Built around this sure-fire suspense mechanism, Bigelow and screenwriter Mark Boal (an Iraq War journalist) have room to explore landscape of the war and the complex interplay between the three main characters.

The audience surrogate in this is Sgt. J.T. Sanborn (Anthony Mackie, from “Half Nelson”), a cool, smart survivor who’s counting the days — 38 — until the end of his hitch. He and anxious Spc. Eldridge (Brian Geraghty) have figured out a formula for staying alive in their difficult job.

The new guy in the trio is Staff Sgt. Will James (Jeremy Renner), who comes in with gladiator swagger and awe-inspiring battle instincts. Where Sanborn goes by the book, James improvises.

At first, we’re with Sanborn: This guy is going to get them all killed. But one of the amazing things about “The Hurt Locker” is that it won’t settle for easy definitions of character. James might be unpredictable, but his courage has no boundaries.

It’s only when James befriends an Iraqi street kid that the movie seems about to step into convention, but even then it finds original ways of telling its stories.

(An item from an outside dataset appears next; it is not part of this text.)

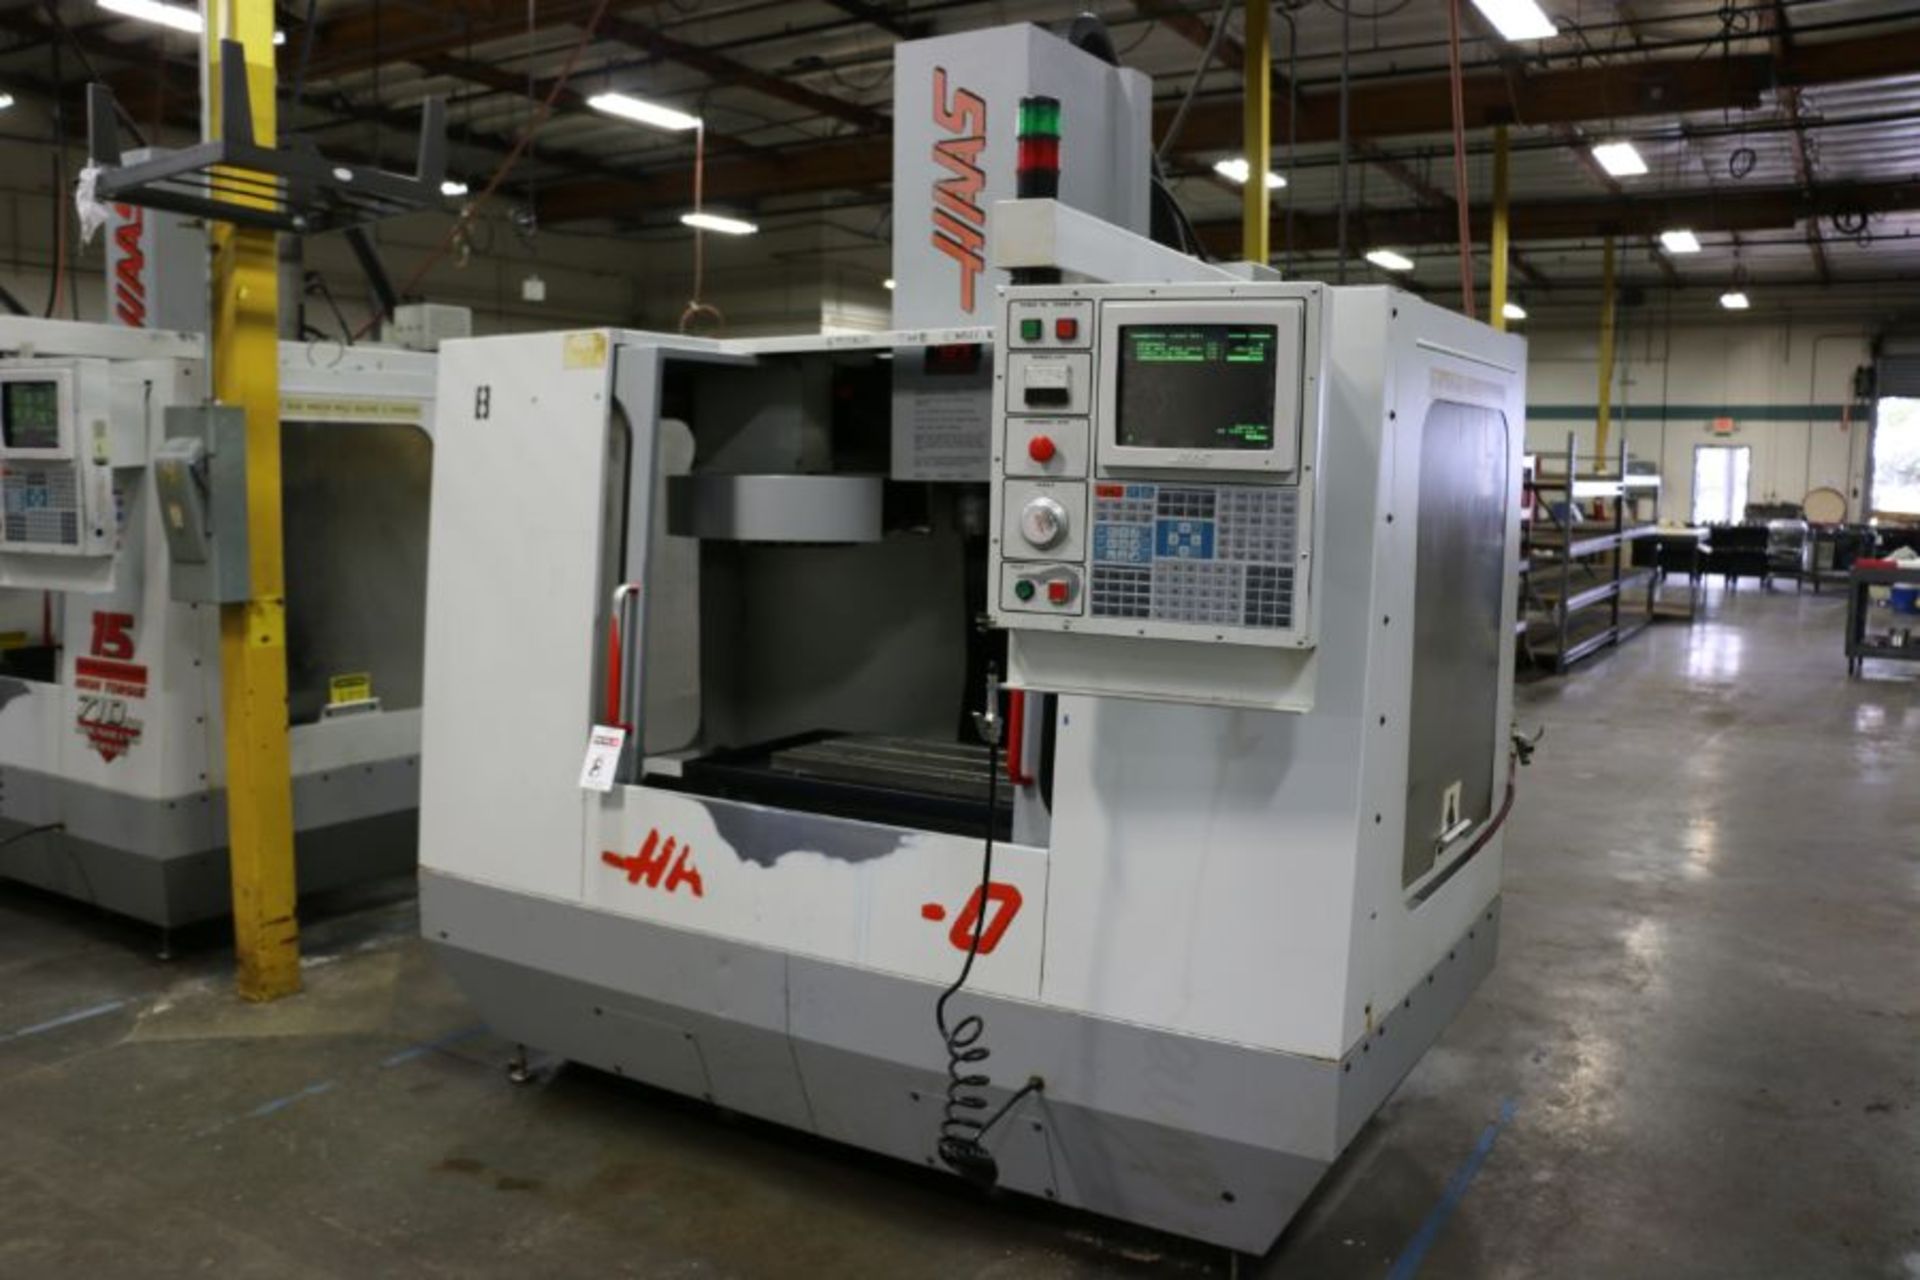 Haas VF-0, 20” x 16” x 20” Travels, 20 Position Tool Carousel, CT-40 Taper, s/n 4411, New 1995 - Image 6 of 11

Shooting in Amman, Jordan, Bigelow captures the heat and the sand and the toll of operating at this level of war. Previously known as an inspired director of offbeat action movies (“Point Break,” “Strange Days”), she absolutely puts it all together here — it will be surprising if she isn’t Oscar-nominated for best director next year.

Mackie and Renner (who first came to notice in the title role of the lurid “Dahmer”) act as though their lives depend on it. Small roles are taken by the likes of Ralph Fiennes, Guy Pearce and David Morse; Evangeline Lilly plays James’ stateside partner.

“The Hurt Locker” is distinguished from other Iraq War films by its refusal to politicize. There’s more than enough here to allow us to draw our own conclusions about this impeccably rendered Ground Zero.